**Supplied material**
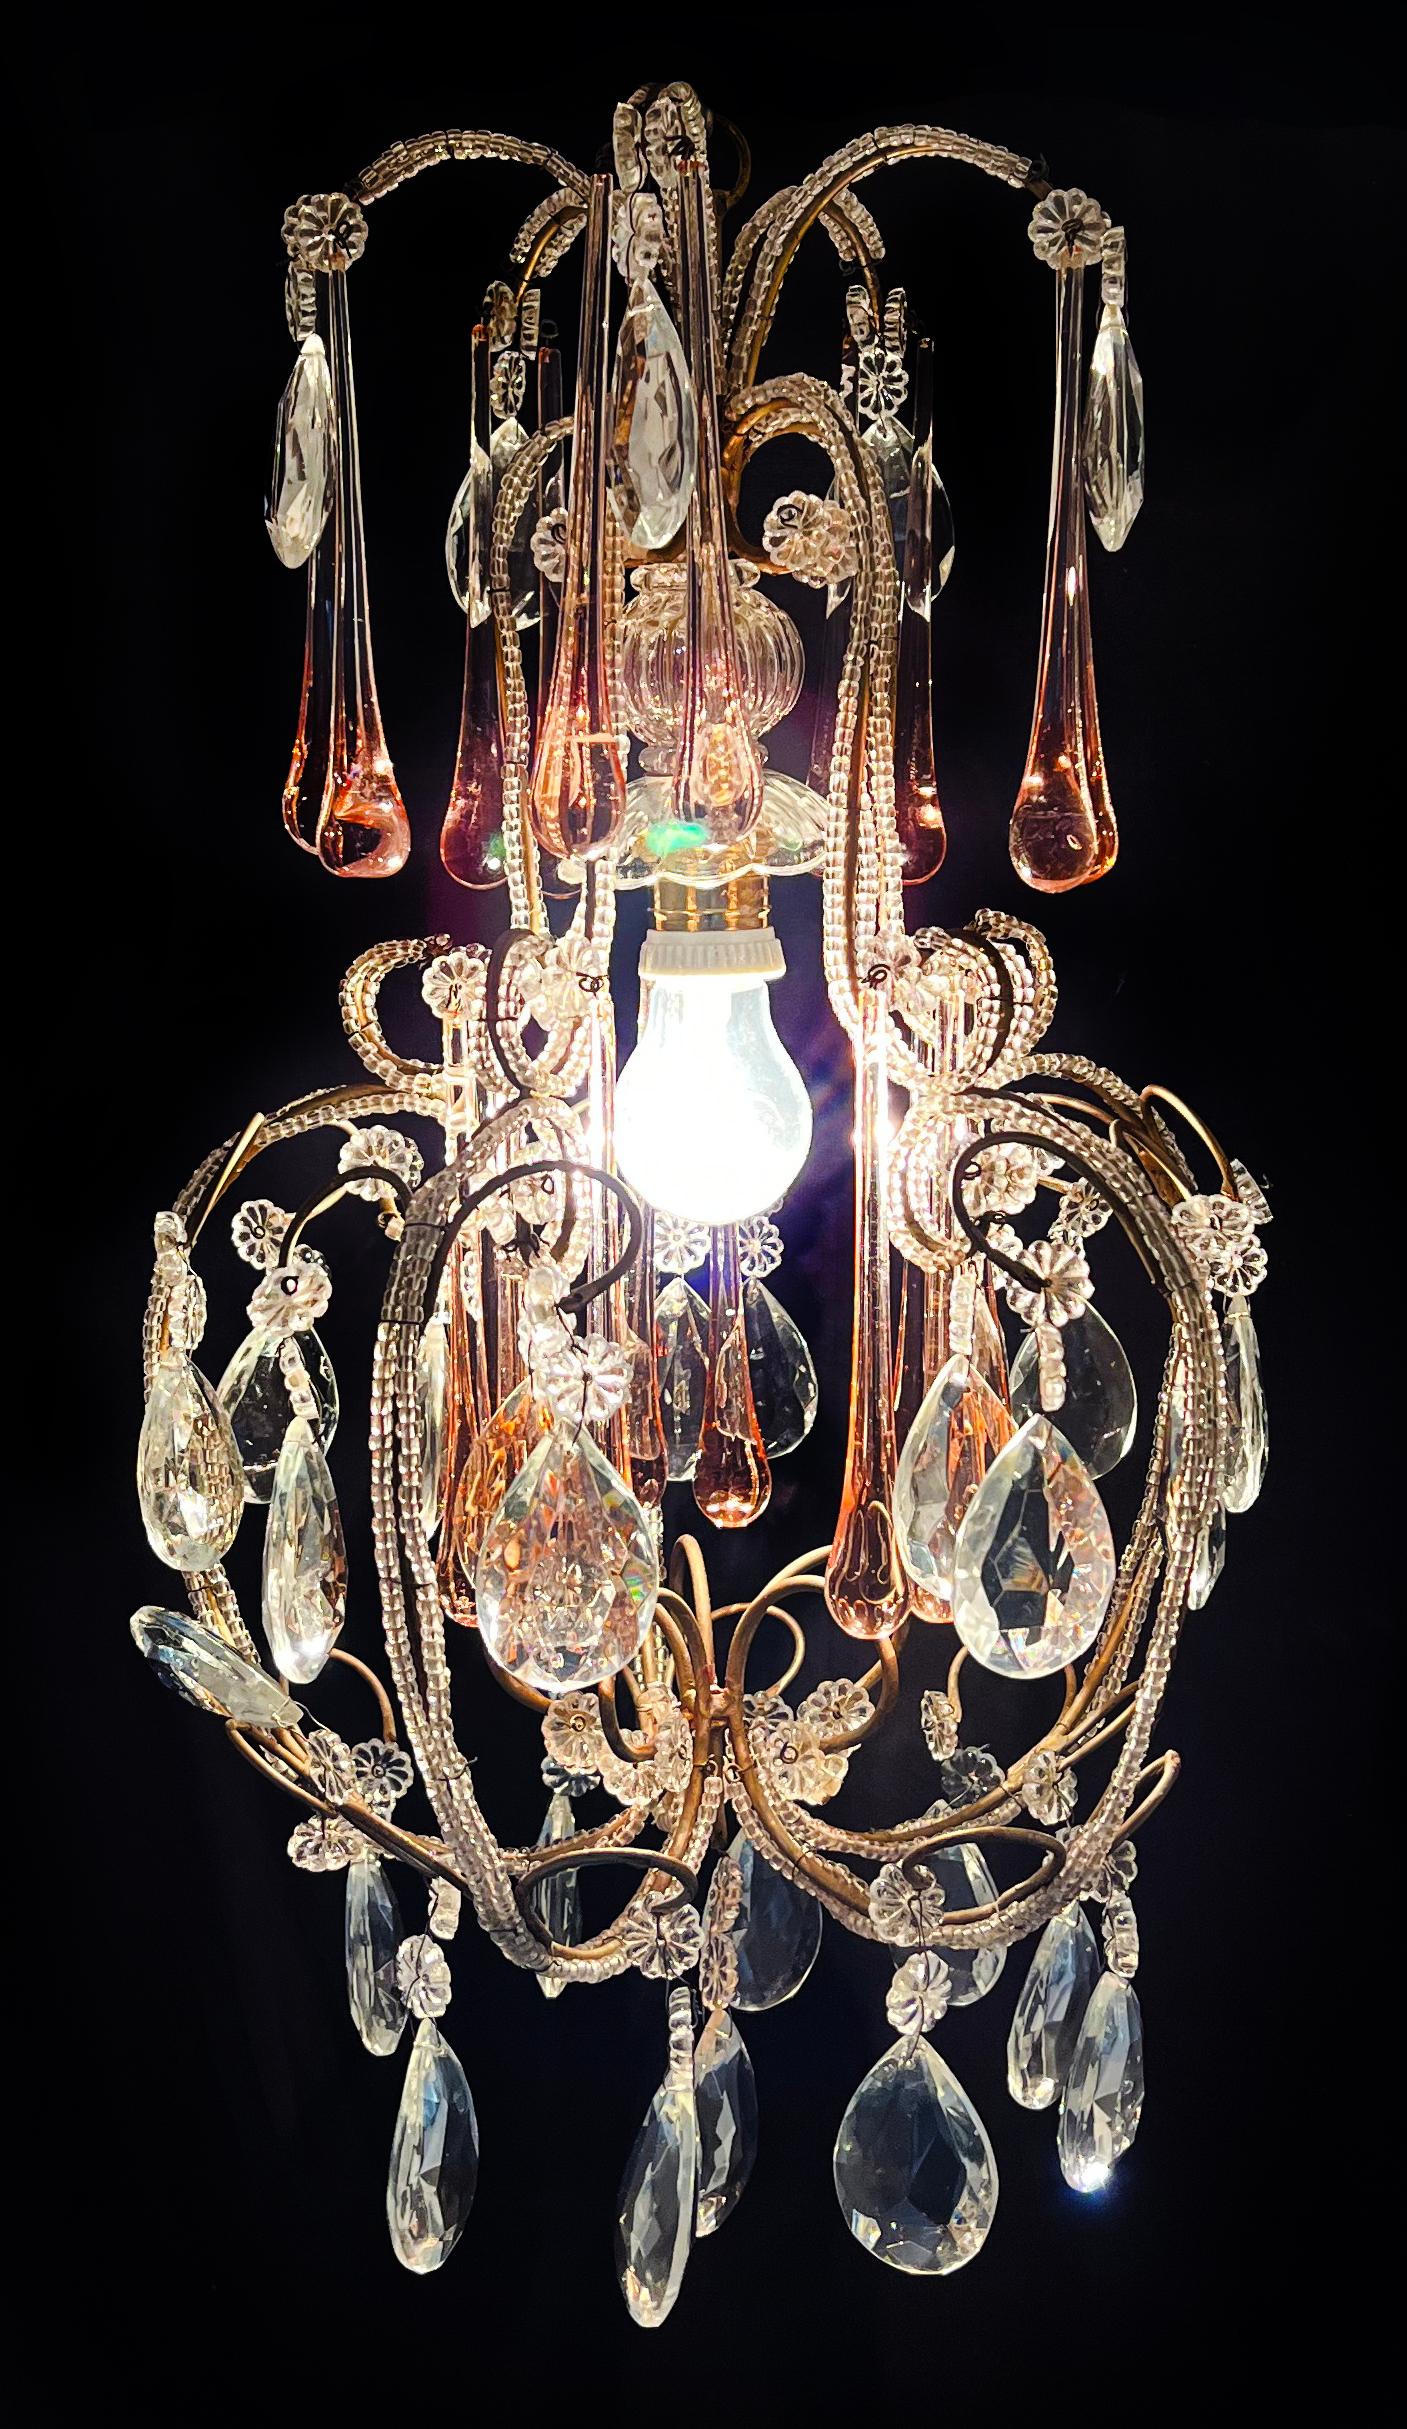 Faszinierender Murano-Kronleuchter, der der göttlichen Katharine Hepburn gewidmet ist.
Höhe 57 cm, Durchmesser 32 cm. Eine Leuchte E27
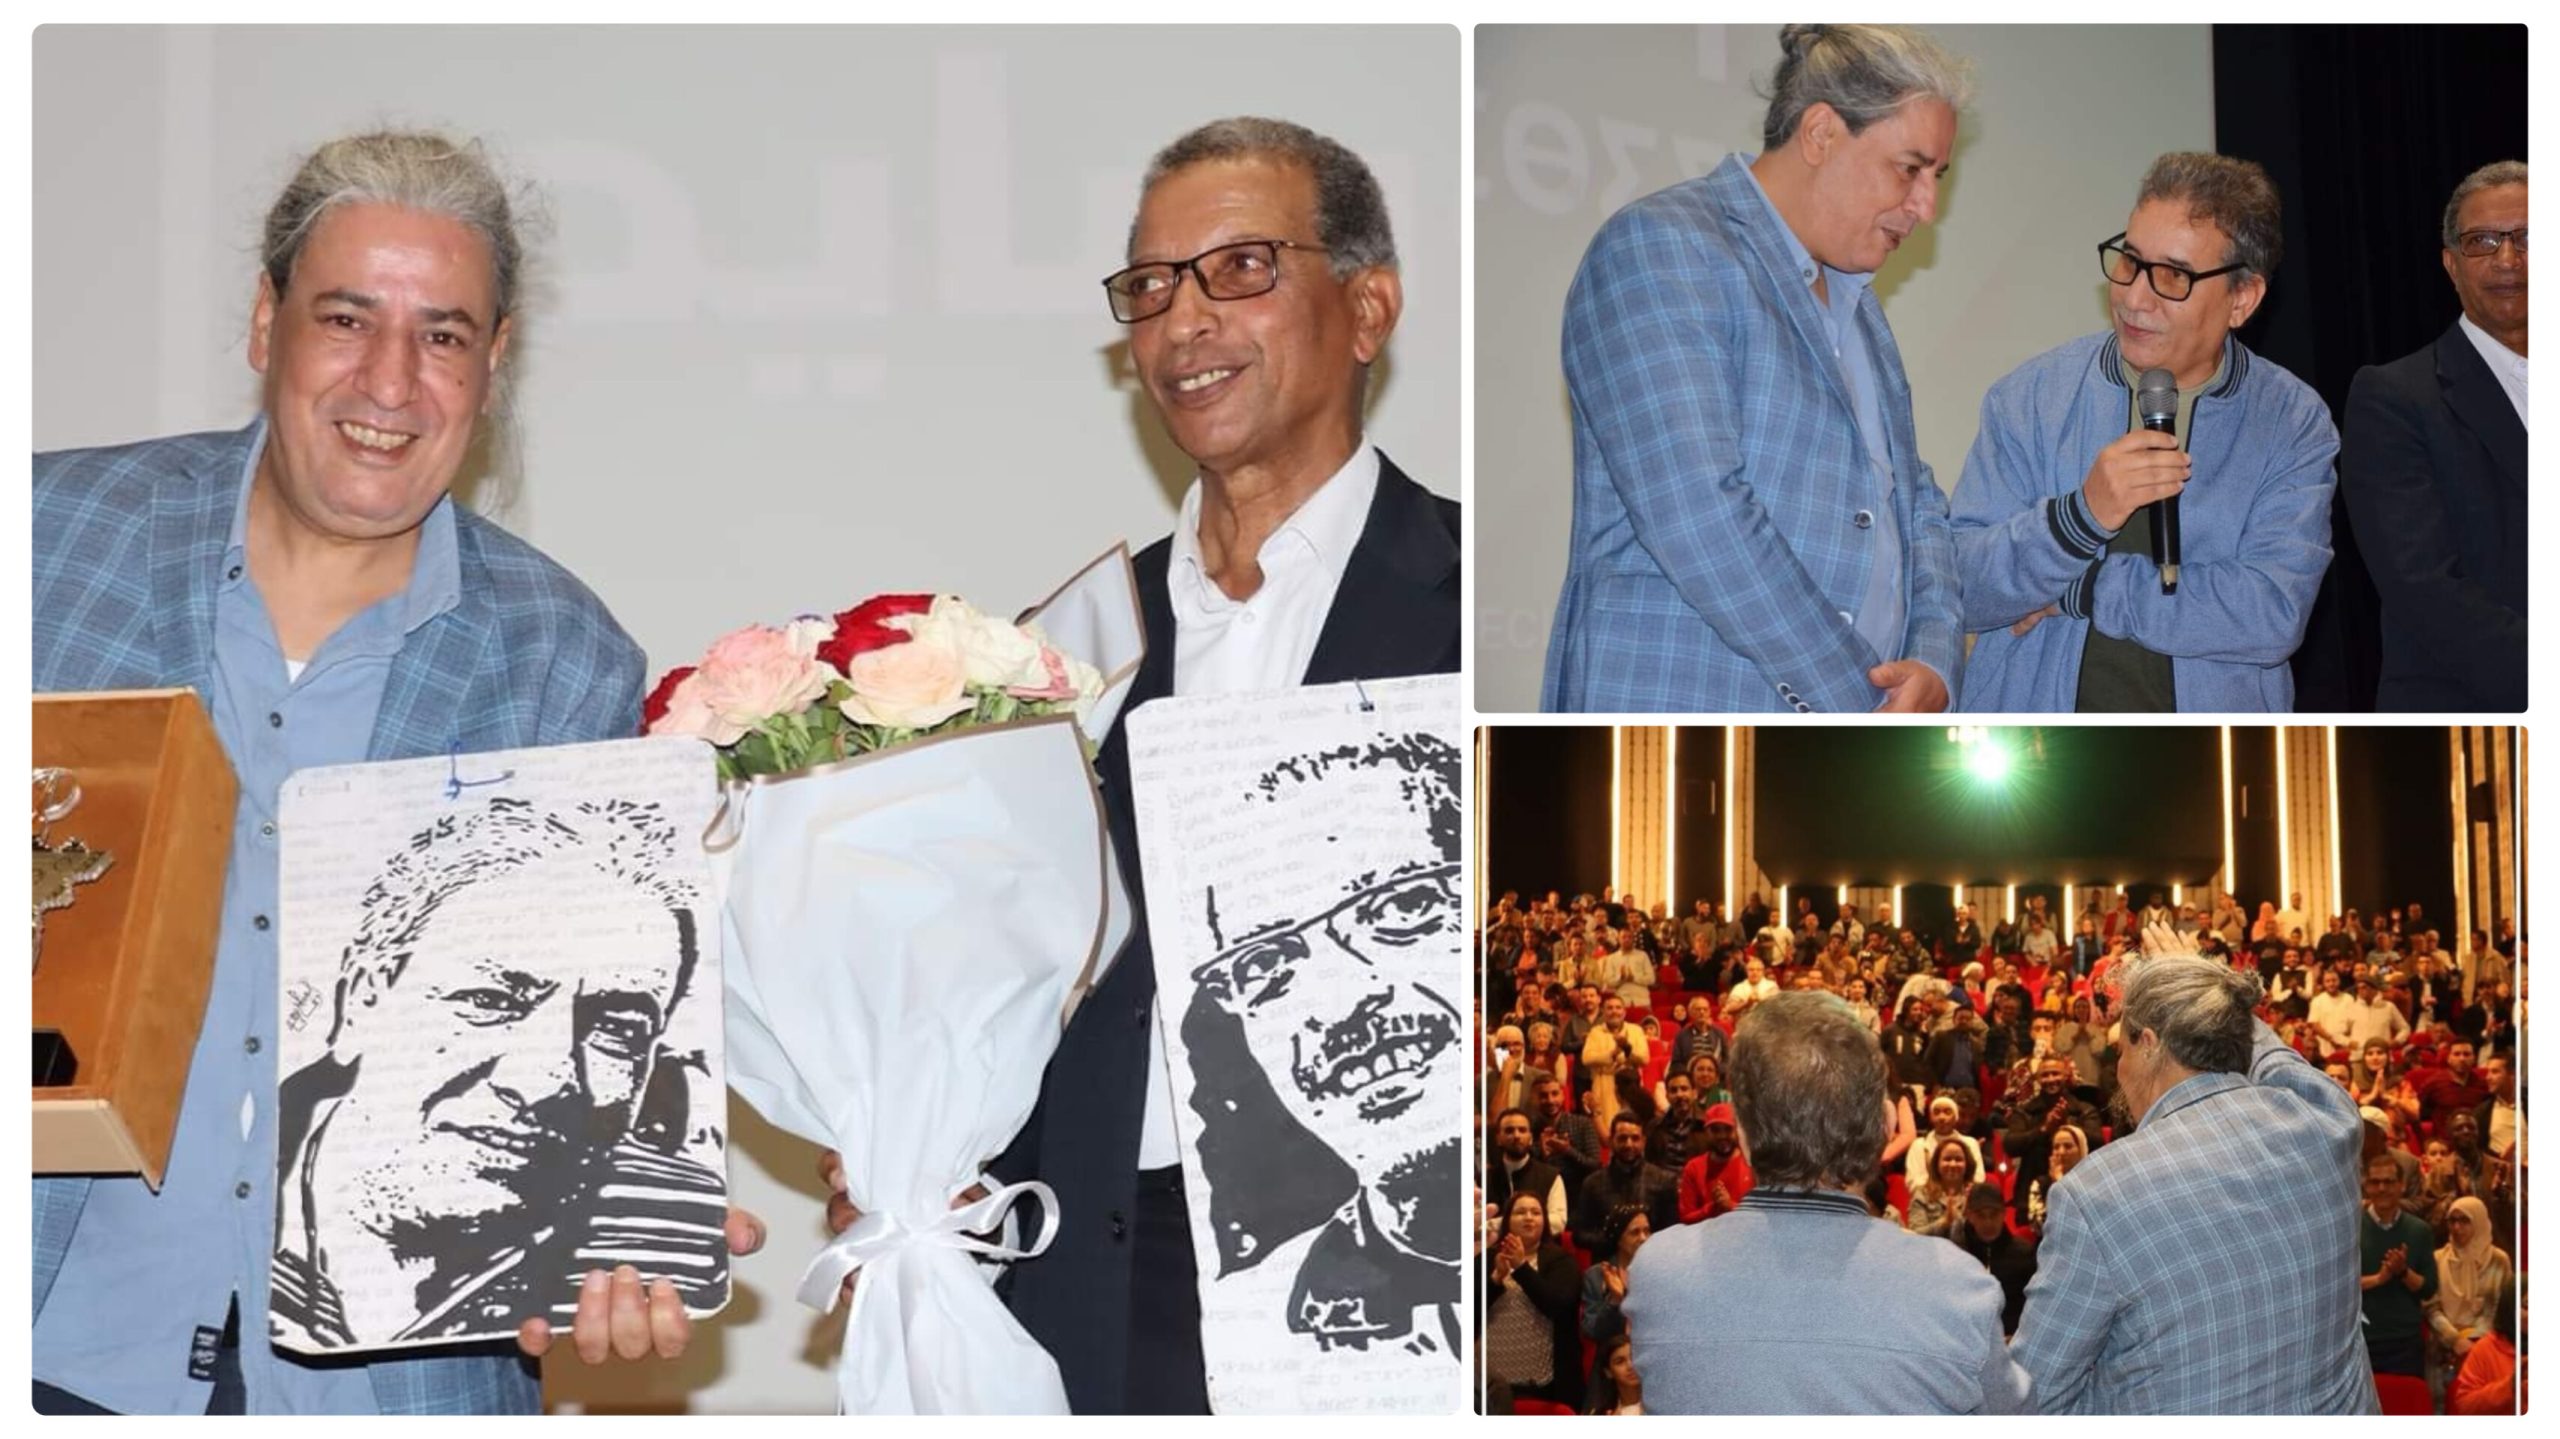 تكريم المخرج السينمائي الأمازيغي "عزيز أوالسايح " في اختتام فعاليات أيام الفيلم المغربي بأكادير - AgadirToday

**Problem description**
Copy the whole of the material above exactly, and exclude every picture.

**Written solution**
 Faszinierender Murano-Kronleuchter, der der göttlichen Katharine Hepburn gewidmet ist.
Höhe 57 cm, Durchmesser 32 cm. Eine Leuchte E27
 تكريم المخرج السينمائي الأمازيغي "عزيز أوالسايح " في اختتام فعاليات أيام الفيلم المغربي بأكادير - AgadirToday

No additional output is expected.